→ PROBLEM DESCRIPTION
Repeat the entire listing exactly. Omit all pictures.

→ DATASET CONTENT
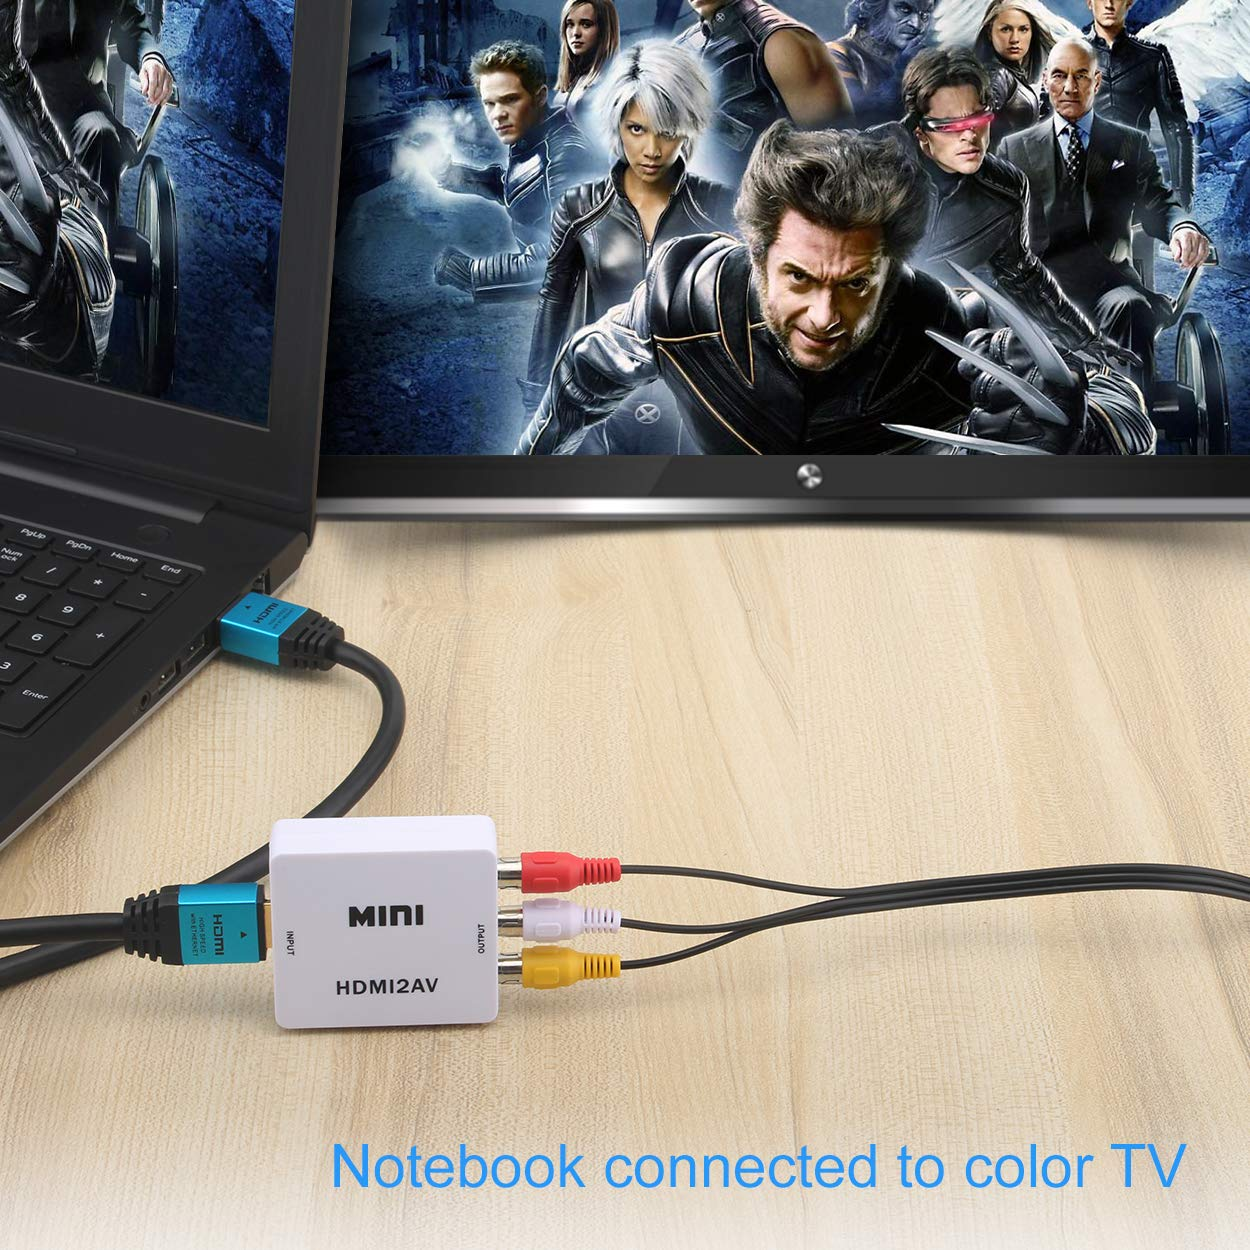 Convertitore HDMI-AV 1080P Convertitore Adattatore Audio Video DVC da HDMI a RCA per HDTV-Bianco
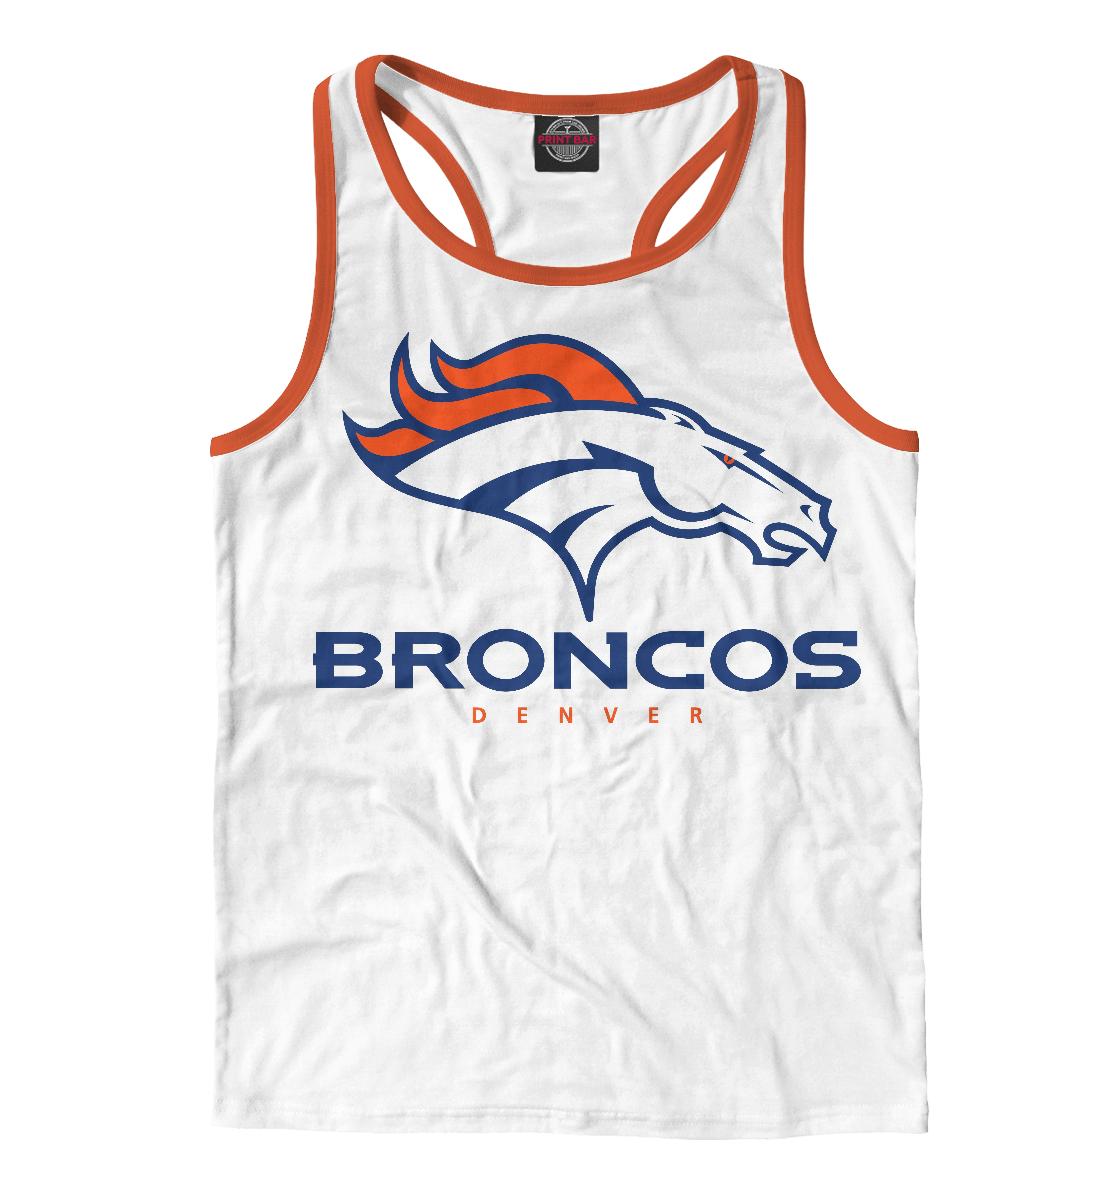 Купить Denver Broncos - Денвер Бронкос, Printbar, Майки борцовки, APD-335785-mayb-2
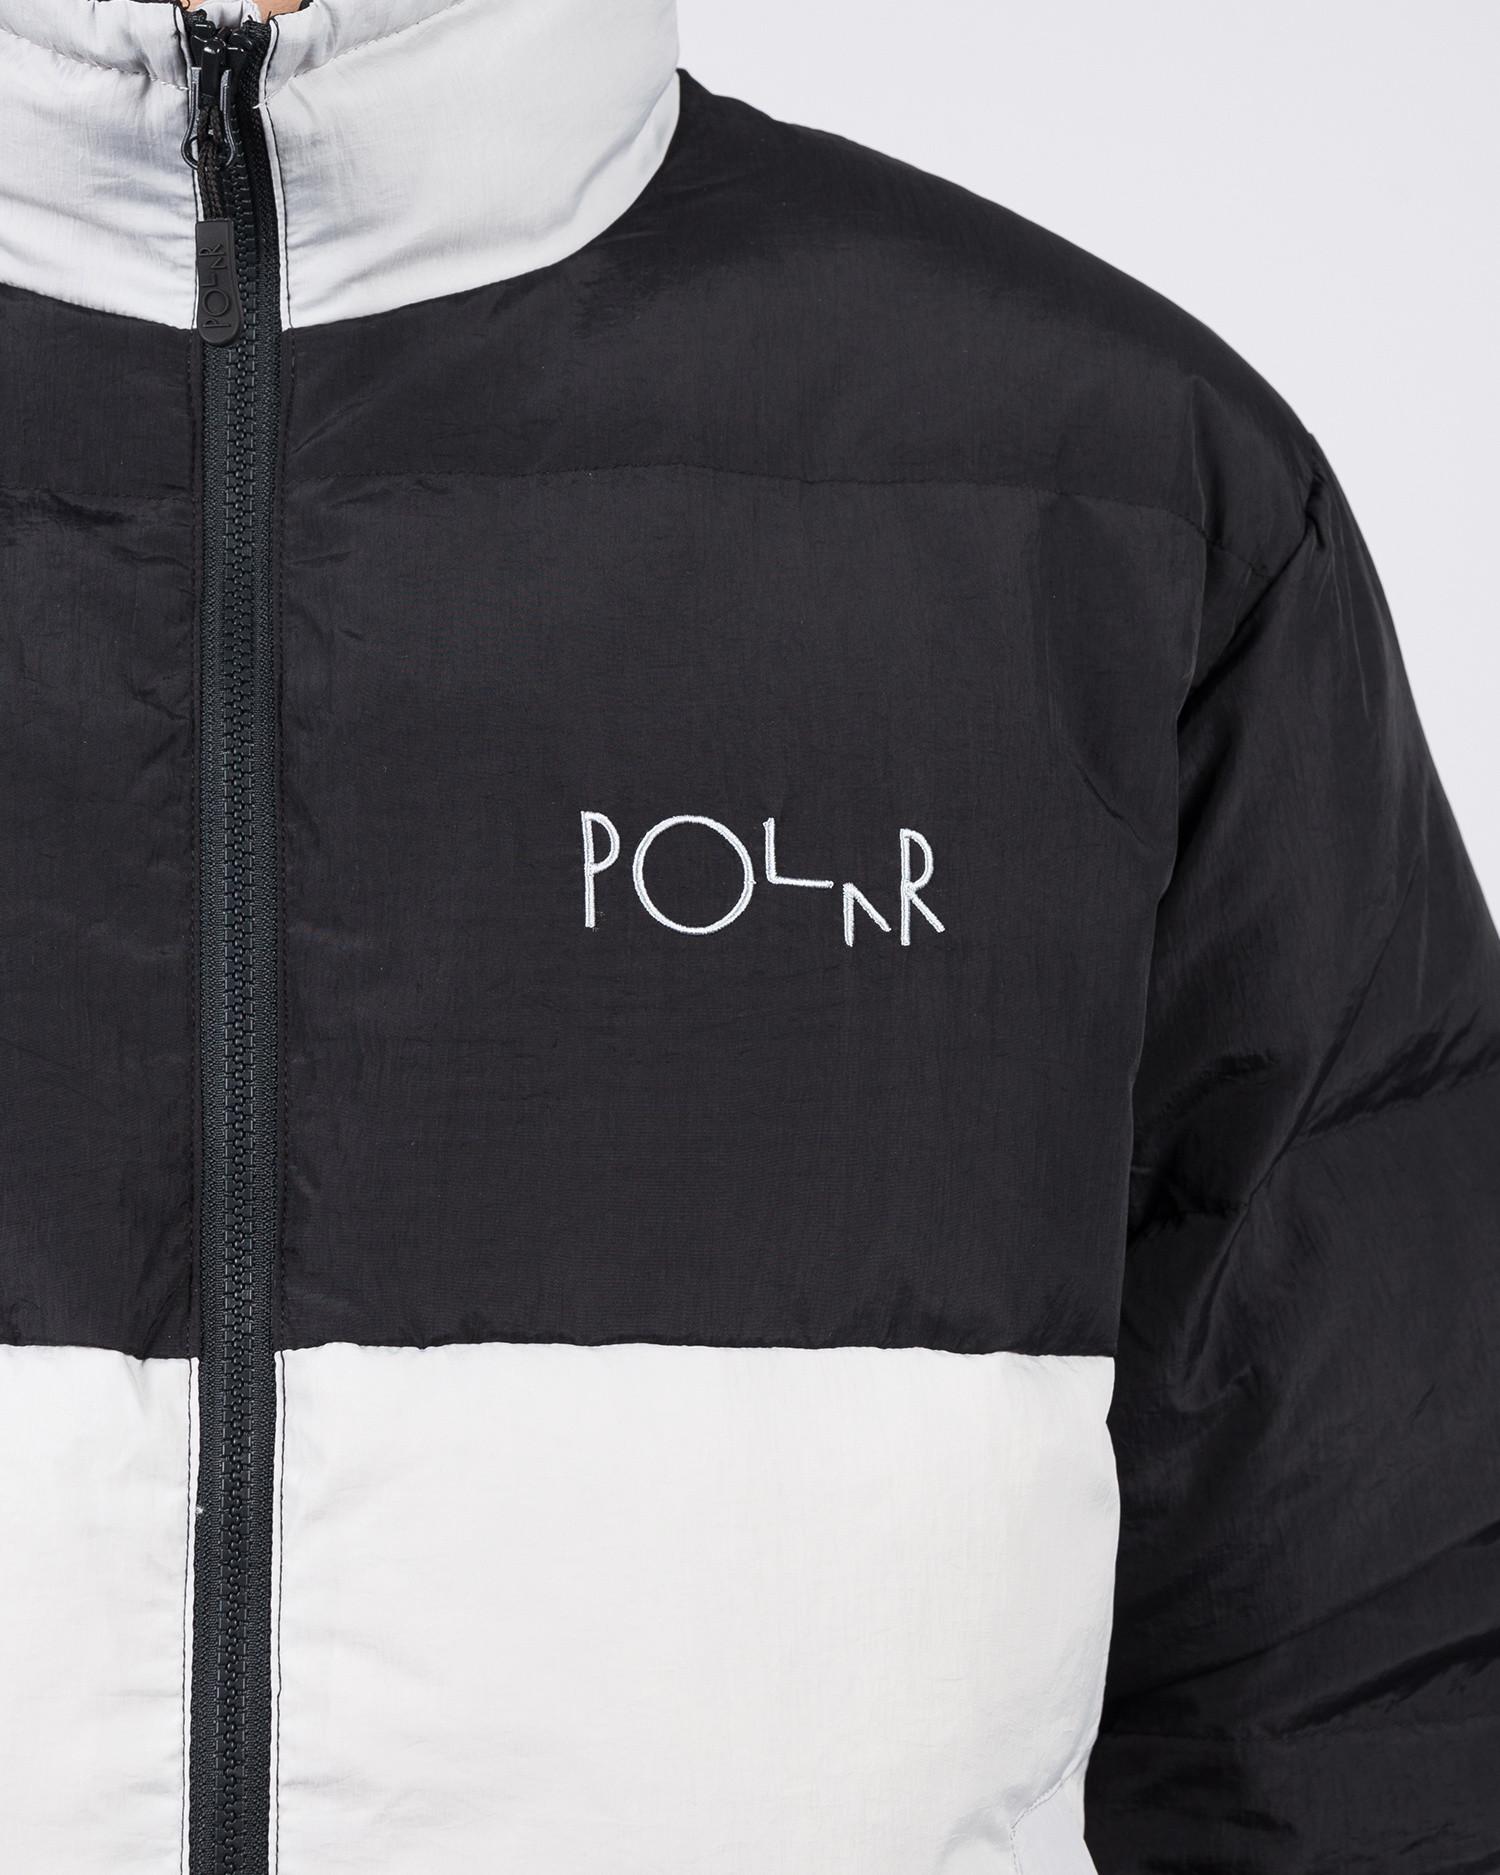 Polar Combo Puffer Black/Ice Grey

→ ANSWER BELOW
 Convertitore HDMI-AV 1080P Convertitore Adattatore Audio Video DVC da HDMI a RCA per HDTV-Bianco
 Купить Denver Broncos - Денвер Бронкос, Printbar, Майки борцовки, APD-335785-mayb-2
 Polar Combo Puffer Black/Ice Grey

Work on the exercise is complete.